▶ _Your instructions_
The line with "Шлюхи питера карта 14 фотография", the line with "Un grupo ecuménico", and all lines between them in the material below: return these exactly, and no others.

▶ _Exercise inputs_
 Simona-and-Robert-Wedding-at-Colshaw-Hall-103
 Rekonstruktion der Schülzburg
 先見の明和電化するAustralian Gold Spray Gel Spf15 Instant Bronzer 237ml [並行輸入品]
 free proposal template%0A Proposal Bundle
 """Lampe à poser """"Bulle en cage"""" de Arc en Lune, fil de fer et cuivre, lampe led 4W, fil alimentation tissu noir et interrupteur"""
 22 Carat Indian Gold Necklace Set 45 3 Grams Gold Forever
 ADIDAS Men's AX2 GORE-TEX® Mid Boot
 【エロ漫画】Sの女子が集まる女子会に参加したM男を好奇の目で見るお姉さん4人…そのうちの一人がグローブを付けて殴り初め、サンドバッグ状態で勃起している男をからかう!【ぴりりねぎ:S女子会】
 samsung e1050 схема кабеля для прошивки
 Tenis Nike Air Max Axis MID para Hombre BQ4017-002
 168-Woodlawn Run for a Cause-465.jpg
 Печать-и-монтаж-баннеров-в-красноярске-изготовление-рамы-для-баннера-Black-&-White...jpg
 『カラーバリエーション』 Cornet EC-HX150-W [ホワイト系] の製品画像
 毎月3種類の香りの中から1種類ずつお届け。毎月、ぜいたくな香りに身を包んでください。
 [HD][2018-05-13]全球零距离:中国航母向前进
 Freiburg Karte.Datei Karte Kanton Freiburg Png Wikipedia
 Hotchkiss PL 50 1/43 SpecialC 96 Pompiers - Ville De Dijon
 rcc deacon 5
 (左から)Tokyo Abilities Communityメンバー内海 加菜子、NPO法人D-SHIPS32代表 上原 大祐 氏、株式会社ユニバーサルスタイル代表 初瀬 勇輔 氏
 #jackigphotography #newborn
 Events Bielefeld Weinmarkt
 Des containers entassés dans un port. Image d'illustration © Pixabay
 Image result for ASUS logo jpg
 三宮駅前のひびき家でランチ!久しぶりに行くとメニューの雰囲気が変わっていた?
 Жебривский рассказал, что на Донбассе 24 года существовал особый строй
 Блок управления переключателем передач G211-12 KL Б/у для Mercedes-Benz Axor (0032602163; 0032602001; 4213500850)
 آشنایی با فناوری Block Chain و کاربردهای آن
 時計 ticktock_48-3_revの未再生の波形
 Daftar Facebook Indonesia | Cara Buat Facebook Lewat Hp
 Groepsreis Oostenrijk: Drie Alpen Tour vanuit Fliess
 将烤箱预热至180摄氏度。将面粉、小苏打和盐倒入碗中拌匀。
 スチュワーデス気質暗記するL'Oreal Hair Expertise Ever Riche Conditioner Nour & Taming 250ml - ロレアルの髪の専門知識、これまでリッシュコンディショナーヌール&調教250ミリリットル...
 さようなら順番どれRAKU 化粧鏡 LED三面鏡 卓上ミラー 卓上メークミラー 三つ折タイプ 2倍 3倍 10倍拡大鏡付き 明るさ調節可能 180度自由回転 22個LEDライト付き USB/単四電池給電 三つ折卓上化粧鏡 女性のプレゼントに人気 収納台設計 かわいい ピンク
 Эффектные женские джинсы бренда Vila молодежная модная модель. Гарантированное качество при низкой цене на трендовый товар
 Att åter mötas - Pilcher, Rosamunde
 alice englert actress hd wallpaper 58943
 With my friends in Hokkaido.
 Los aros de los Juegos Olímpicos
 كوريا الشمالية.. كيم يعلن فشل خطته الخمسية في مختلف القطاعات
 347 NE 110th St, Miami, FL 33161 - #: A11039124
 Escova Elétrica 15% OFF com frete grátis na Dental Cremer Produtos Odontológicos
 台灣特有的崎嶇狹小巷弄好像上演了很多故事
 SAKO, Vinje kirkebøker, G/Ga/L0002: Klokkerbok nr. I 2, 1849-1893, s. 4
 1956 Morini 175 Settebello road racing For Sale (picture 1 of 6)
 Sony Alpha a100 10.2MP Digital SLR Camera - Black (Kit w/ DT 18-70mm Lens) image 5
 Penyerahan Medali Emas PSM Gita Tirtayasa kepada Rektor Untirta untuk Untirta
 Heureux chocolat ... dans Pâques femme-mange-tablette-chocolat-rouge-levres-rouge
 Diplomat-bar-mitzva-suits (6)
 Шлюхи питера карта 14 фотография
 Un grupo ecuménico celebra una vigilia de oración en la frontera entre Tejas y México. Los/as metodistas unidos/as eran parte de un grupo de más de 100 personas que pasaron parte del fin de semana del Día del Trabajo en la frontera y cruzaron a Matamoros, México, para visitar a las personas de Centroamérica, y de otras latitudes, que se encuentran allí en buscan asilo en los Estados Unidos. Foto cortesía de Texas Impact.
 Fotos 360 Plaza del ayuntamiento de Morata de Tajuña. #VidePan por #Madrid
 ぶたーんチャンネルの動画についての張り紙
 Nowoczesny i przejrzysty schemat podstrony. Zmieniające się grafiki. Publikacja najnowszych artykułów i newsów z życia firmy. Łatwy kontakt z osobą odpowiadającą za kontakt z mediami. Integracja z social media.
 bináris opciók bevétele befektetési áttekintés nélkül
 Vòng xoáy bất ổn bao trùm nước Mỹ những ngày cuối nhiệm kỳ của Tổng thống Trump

▶ _Reply_
 Шлюхи питера карта 14 фотография
 Un grupo ecuménico celebra una vigilia de oración en la frontera entre Tejas y México. Los/as metodistas unidos/as eran parte de un grupo de más de 100 personas que pasaron parte del fin de semana del Día del Trabajo en la frontera y cruzaron a Matamoros, México, para visitar a las personas de Centroamérica, y de otras latitudes, que se encuentran allí en buscan asilo en los Estados Unidos. Foto cortesía de Texas Impact.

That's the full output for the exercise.